Глава 14. Стеклянные замки.
23 марта 2013 г. в 23:34
Слева от себя Семен заметил Купитмана, поприветствовал его кивком и готов был забыть об этом незначительном эпизоде, но что-то в глазах главного венеролога заставило его замедлить шаг. Интерн обернулся и увидел внимательный взгляд, очень сильно похожий на тот, которым Быков смотрел на него в самый первый день пробуждения. И это совсем не те наигранно-заботливые взоры, которые ловит на себе везунчик, выживший под колесами автомобиля - выживший, ну и ладно.
Семен остановился, в злобе сжал кулаки и прикусил губу: "Твою ж мать!.." Он вытер ладонью внезапно вспотевшее лицо. Его хрупкий, стеклянный замок спокойствия, выстроенный на фундаменте полной секретности, рассыпался на сотни режущих осколков. Тот самый телефонный разговор, подслушанный им и приведший в результате к потасовке с весьма неожиданными последствиями, как-то вылетел у него из головы. Сема повернулся к Купитману, краем сознания надеясь, что тот уже ушел. Иван Натанович стоял там же, глядя на него теперь уже по-отцовски спокойно. Он медленно, словно уставший, снял очки и движением головы указал на процедурную, после чего, не дожидаясь более ни секунды, зашел в нее сам. Лобанов огляделся по сторонам, вновь убедился в полном безразличии окружающих и последовал за ним.
Кабинет был пуст и сумеречен, по крайней мере, та его часть, которая отмежевывалась стеной от части основной, где располагалось окно. Контейнеры, для хранения стерильных шприцов и других медицинских инструментов тускло поблескивали, ловя стальными боками жидкие лучи.
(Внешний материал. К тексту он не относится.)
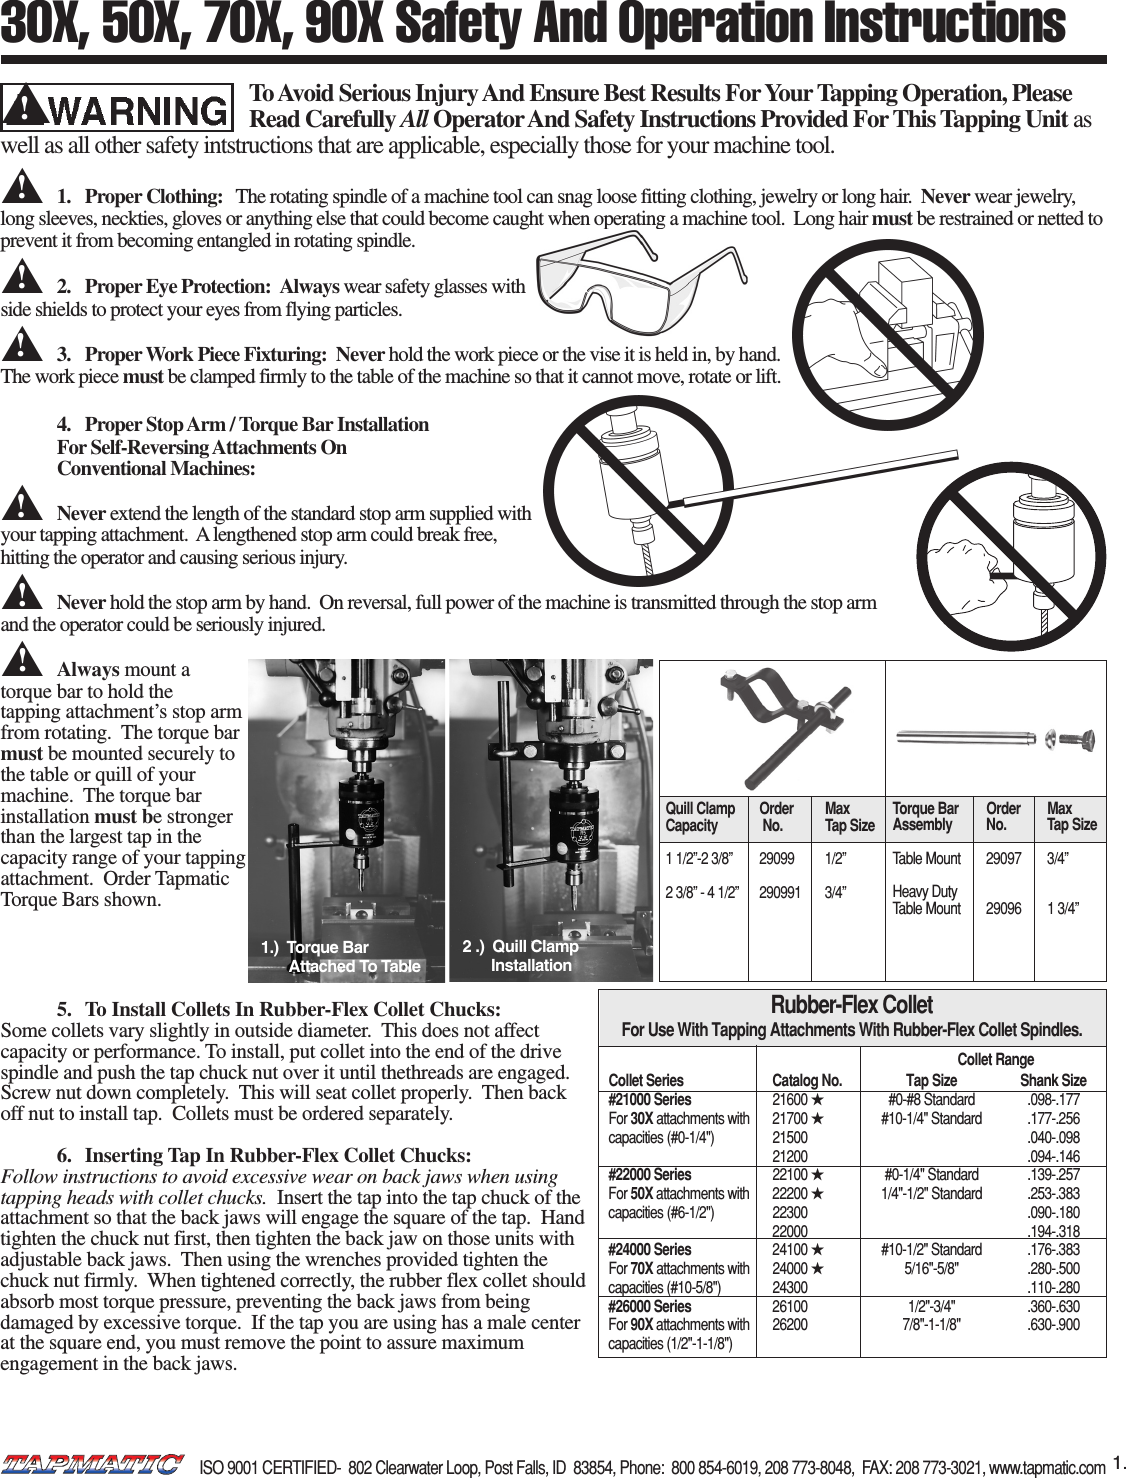 Ewfm User Manual Clark Gcx25 Wiring Diagram 1993 Array Mtrcs Reefer Rh Logoutev De

Стол, стул, кушетка. Мрачно и уныло. Идеальное место для сведения счетов с жизнью. Семен подумал, что именно в таком месте он хотел бы залезть в петлю. Надо будет запомнить идею, если что.
- Да, я понимаю, место не самое удачное для разговора, - начал Купитман.
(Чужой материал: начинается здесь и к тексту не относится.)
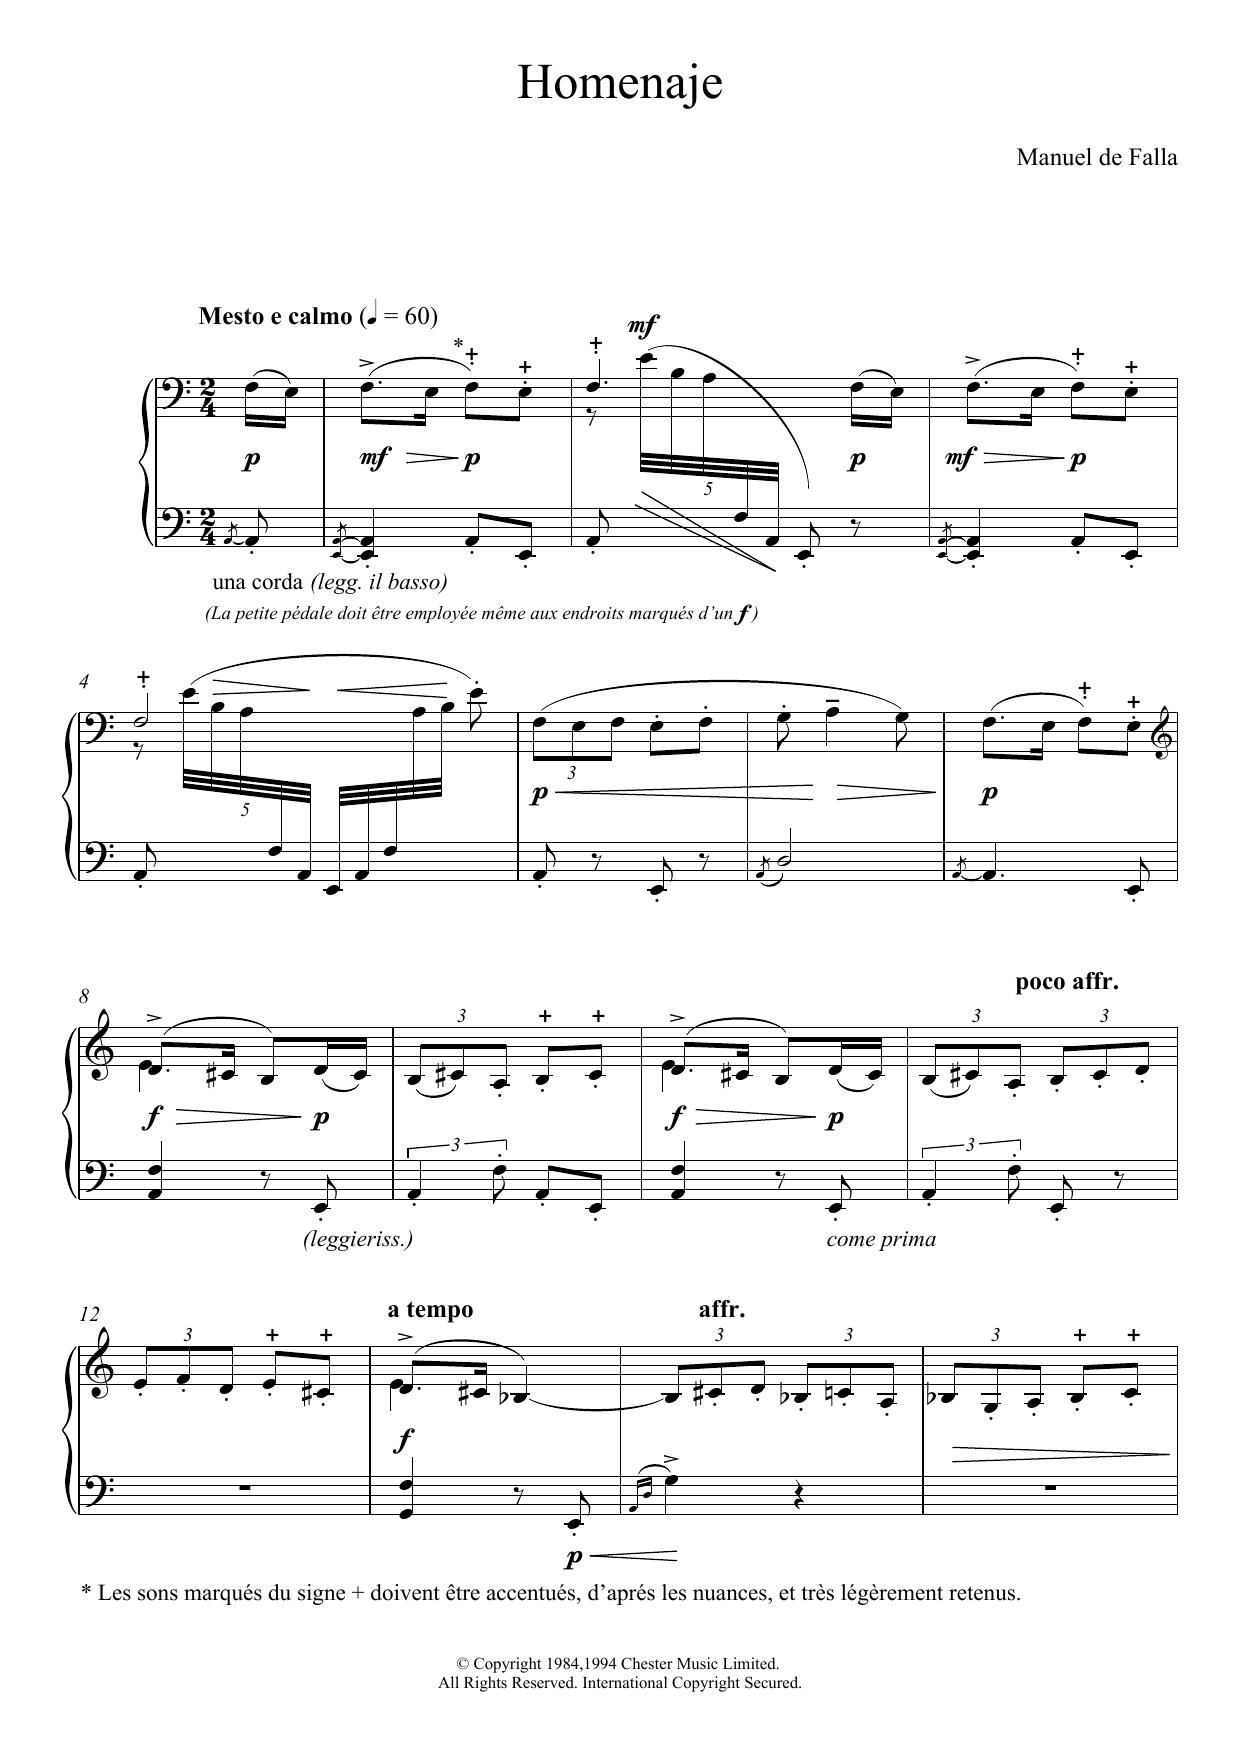 Homenaje Sheet Music

- Вы просто в корень зрите, Иван Натанович.
- Ну, что есть, то есть. Ты, собственно, как, Семен? Как самочувствие?
- Вы о чем, не понимаю?
- Не прикидывайся идиотом, все ты понимаешь.
- А, вы об этом! Что сказать? Немного болят бока, а так, вроде, все в норме. Я даже больше скажу: как вспомню, что помял этому гаду бампер, так вообще здоровым себя ощущаю!
- Ситуация ясна... Значит так, я уже договорился с Николаем Генадьевичем - тот, который Стежинский, пойдешь сделаешь энцефалограмму, когда освободишься с больным. Потом идешь в пункт сбора крови и сдаешь анализы на ВИЧ. Об анонимности не беспокойся. Ты же знаешь, что...
- Нет, это вы, видимо, чего-то не знаете, Иван Натанович, - нарочито подчеркнуто произнес имя венеролога Семен, - от столкновения с автомобилем ВИЧ не передается.
- Да, разумеется, - Купитман повесил очки на ворот халата и сложил руки на груди, - он передается половым путем, в частности во время незащищенного, незапланированного полового акта, - последние три слова он поставил под ударение.
- Ну, понятно, эту замечательную возможность поучить меня уму-разуму вы не упустите, да? Можете теперь и ноги об меня вытереть, чего уж там... И с каких это пор вы контролируете мои незапланированные акты?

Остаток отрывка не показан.